-1

Following is a simple piece of code about regex match:

import re

pattern = ".*"
s = "ab"
print(re.search(pattern, s))

output:

<_sre.SRE_Match object; span=(0, 2), match='ab'>

My confusion is "." matches any single character, so here it's able to match "a" or "b" , then with a "*" behind it, this combo should be able to match "" "a" or "aa" or "aaa..." or "b" or "bb" or "bbb..." or other single characters that repeat for several times.

But how comes it(".*") matches "ab" the same time?

Lunam
  • 7
  • 2

1 Answers1

-1

The comments more or less covered it, but to provide an answer: the pattern .* means to match any character . zero or more times *. And by default, a regex is greedy so when presented with 'abc', even though '' would satisfy that rule, or 'a' would, etc., it will match the entire string, since matching all of it still meets the requirement.

It does not mean to match the same character zero or more times. Every character it matches can be a different character or the same as a previously matched one.
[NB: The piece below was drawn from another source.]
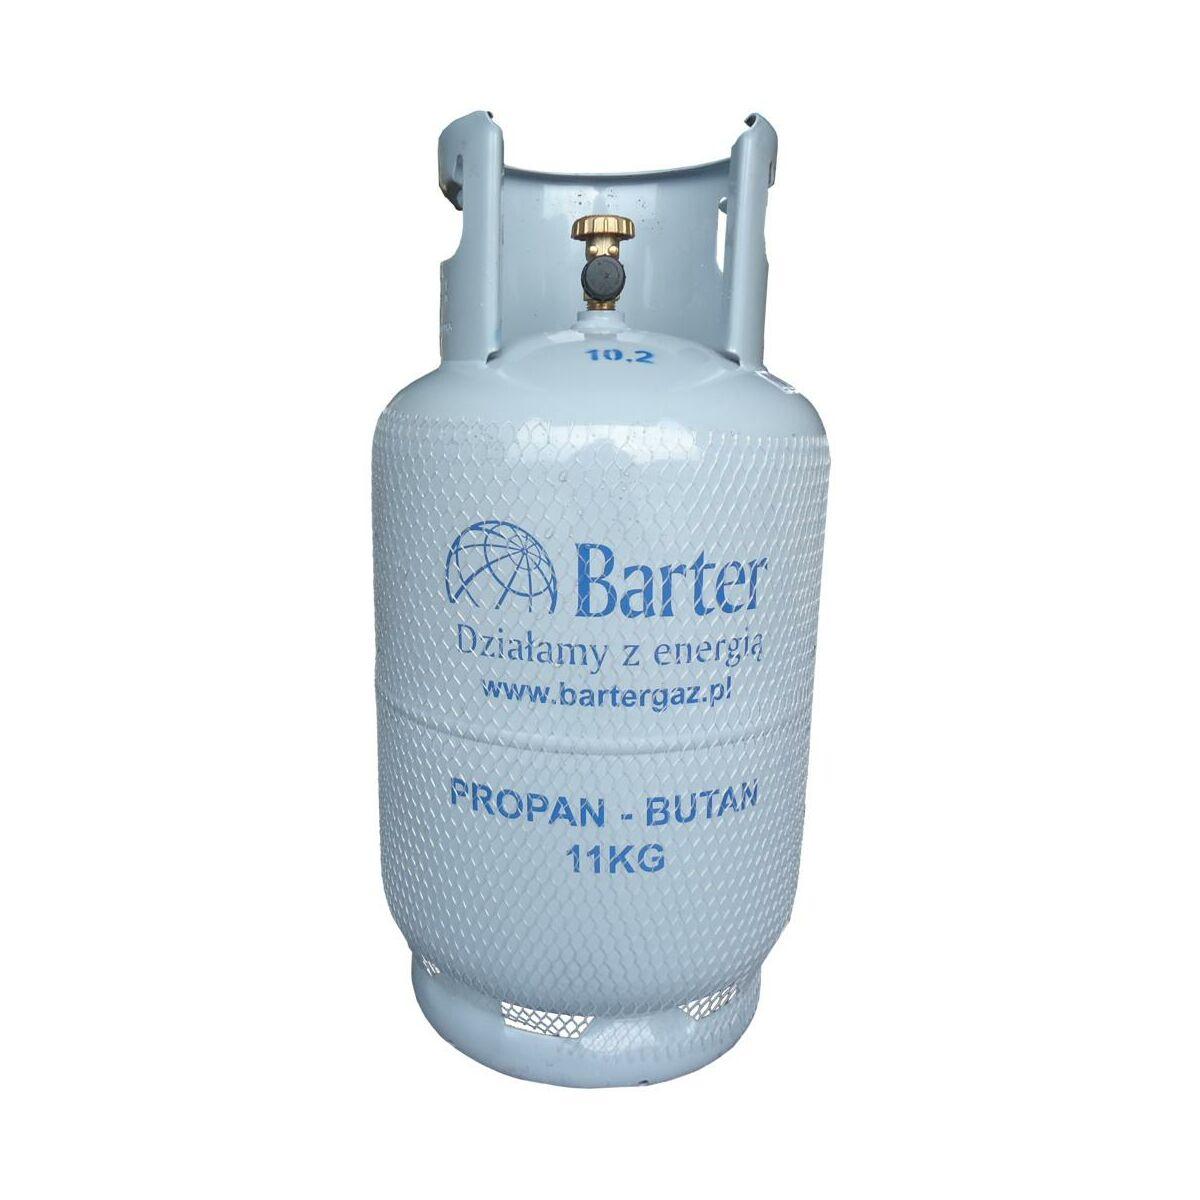 Bardzo dobra Gaz PROPAN BUTAN - Butle gazowe - w atrakcyjnej cenie w sklepach ZY33

If instead you want to match any character, but match as many of that same character as possible, zero or more times, you can use:

(.)?\1*

See here https://regex101.com/r/FgvuX2/1 and here https://regex101.com/r/FgvuX2/2

What this effectively does, is match a single character optionally, creating a back reference which can be used in the second part of the expression. Thus it matches any single character (if there is one) to group 1 and matches that group 1 zero or more times, being greedy.

Grismar
  • 27,561
  • 4
  • 31
  • 54